- Episode no.: Season 4 Episode 10
- Directed by: Dan Attias
- Written by: Alex Gansa; Howard Gordon;
- Production code: 4WAH10
- Original air date: December 7, 2014
- Running time: 45 minutes

Guest appearances
- Numan Acar as Haissam Haqqani; Mark Moses as Dennis Boyd; Nimrat Kaur as Tasneem Qureishi; Raza Jaffrey as Aasar Khan; Maury Sterling as Max; Michael O'Keefe as John Redmond;

Episode chronology
| ← Previous "There's Something Else Going On" | Next → "Krieg Nicht Lieb" |
- Homeland season 4

= 13 Hours in Islamabad =

"13 Hours in Islamabad" is the tenth episode of the fourth season of the American television drama series Homeland, and the 46th episode overall. It premiered on Showtime on December 7, 2014.

== Plot ==
Carrie (Claire Danes) and Saul (Mandy Patinkin) are pulled from the damaged van by the Marines, but John Redmond (Michael O'Keefe) did not survive. Quinn (Rupert Friend) uses the radio to ask the Marines to return, but Taliban soldiers shoot from nearby buildings, pinning them down. Martha (Laila Robins), Dennis (Mark Moses), and Lockhart (Tracy Letts) hide in the vault, a secure lockdown room, with a package containing the names of all CIA informants in Pakistan. Haissam Haqqani (Numan Acar) and his Taliban soldiers arrive. They gun down many embassy personnel and keep the survivors as hostages.

As Marines are hit around Carrie, she phones Col. Aasar Khan (Raza Jaffrey), asking him to send the Pakistani military. However, Tasneem Qureishi (Nimrat Kaur) reveals that the ISI is helping the Taliban, to Khan's disapproval. Tasneem tells Khan to delay the soldiers by 10 minutes.

Quinn and a Marine succeed in killing some of the Taliban. Haqqani goes to the vault and demands it be opened and demands the package of informants. He executes several embassy personnel. Against Martha's wishes, Lockhart yields and opens the vault. The package is handed over. However, Haqqani executes Fara Sherazi (Nazanin Boniadi) regardless. Before he can execute the others, Quinn and the Marine open fire on the group; Haqqani is wounded but escapes. Carrie, Saul, and the bodies of Marines are brought back to the embassy by the Pakistani military.

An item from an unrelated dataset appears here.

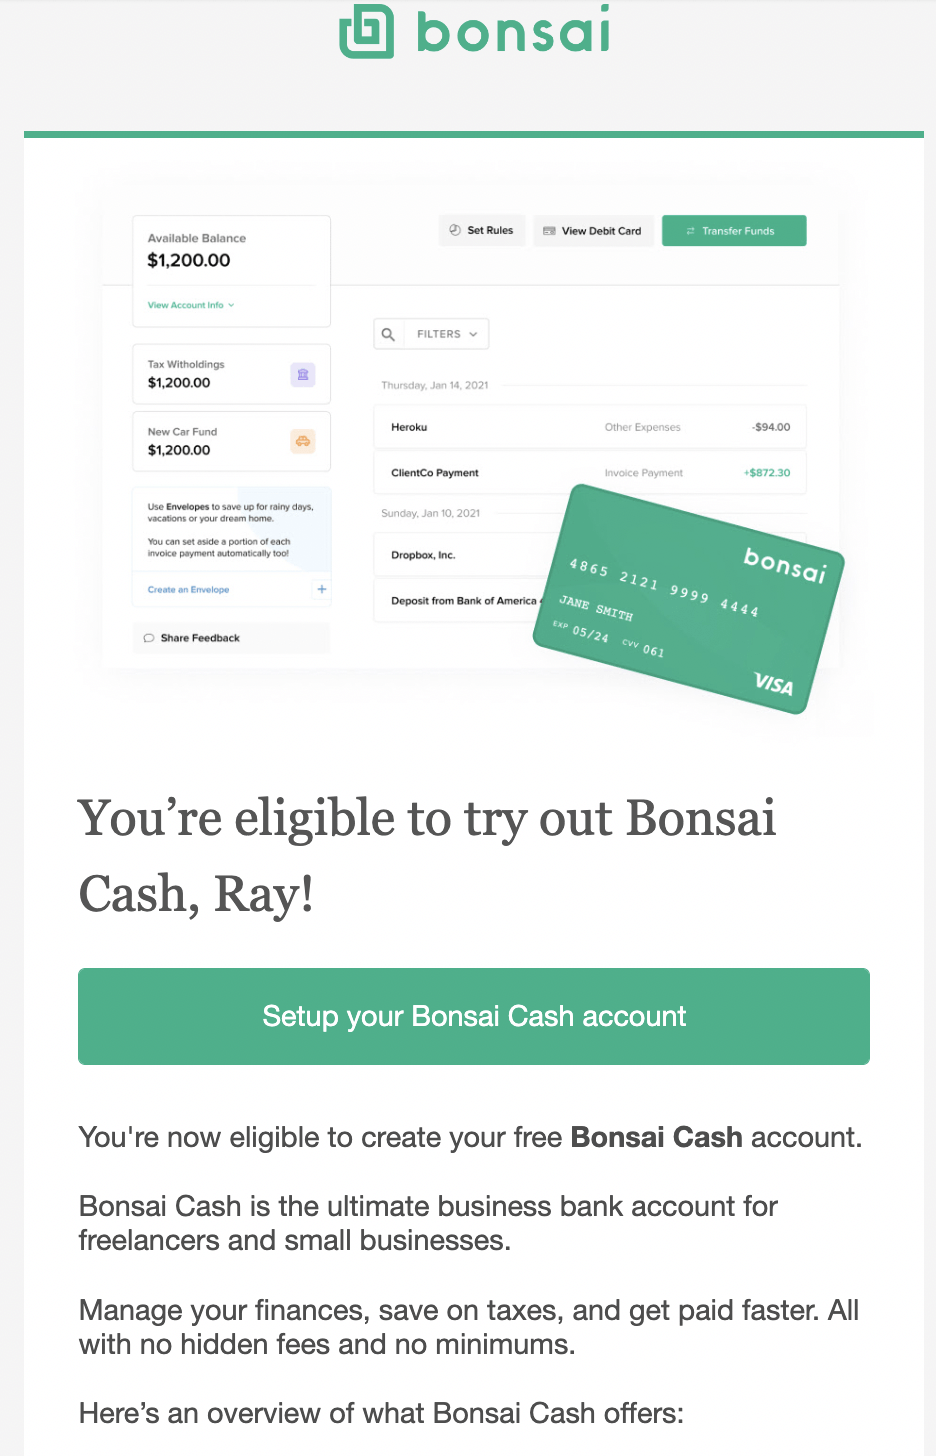 SaaS Email Nurture Campaigns: Bonsai's first nurture email

The White House cuts relations with Pakistan and prepares to evacuate the surviving embassy personnel. Dennis asks Martha for a belt to commit suicide with, in order to lower the impact on Martha's career, but he changes his mind. Max grieves over Fara's death. Quinn decides to take matters into his own hands. He abducts Farhad Ghazi, the ISI agent who kidnapped Saul, and prepares to torture him in a warehouse. Carrie is given permission to stay behind for five more days, in order to find Quinn and bring him home.

== Production ==
The episode was directed by Dan Attias and written by series co-creators Alex Gansa and Howard Gordon.

== Reception ==
=== Ratings ===
The original broadcast of the episode was watched by 1.95 million viewers, an increase of over 200,000 from the previous episode.

=== Critical response ===
"13 Hours in Islamabad" received critical acclaim. The review aggregator website Rotten Tomatoes reported a 100% approval rating from critics based on 13 reviews. The website's consensus reads, "Homeland continues to impress this season, as "13 Hours in Islamabad" is a tense, action-packed installment that features outstanding performances and some shocking plot turns."

Joshua Alston of The A.V. Club graded the episode an "A−", stating "'13 Hours In Islamabad' is the liveliest, most startling, and emotionally bruising episode in the show's post-Brody phase." IGN writer Scott Collura gave the episode a high score of 9 out of 10 (signifying "amazing") and wrote "Homeland continues to thrill this season with another tense episode that killed off a couple of well-liked supporting characters while also taking others to gratifying new places."

A former intelligence expert noted numerous issues with the behaviour of characters in the episode, noting the real-life training that embassy staff and CIA officers receive which is designed to prevent some of the scenarios depicted in the episode.

===Accolades===
For this episode, Dan Attias was nominated for the Directors Guild of America Award for Outstanding Directing – Drama Series.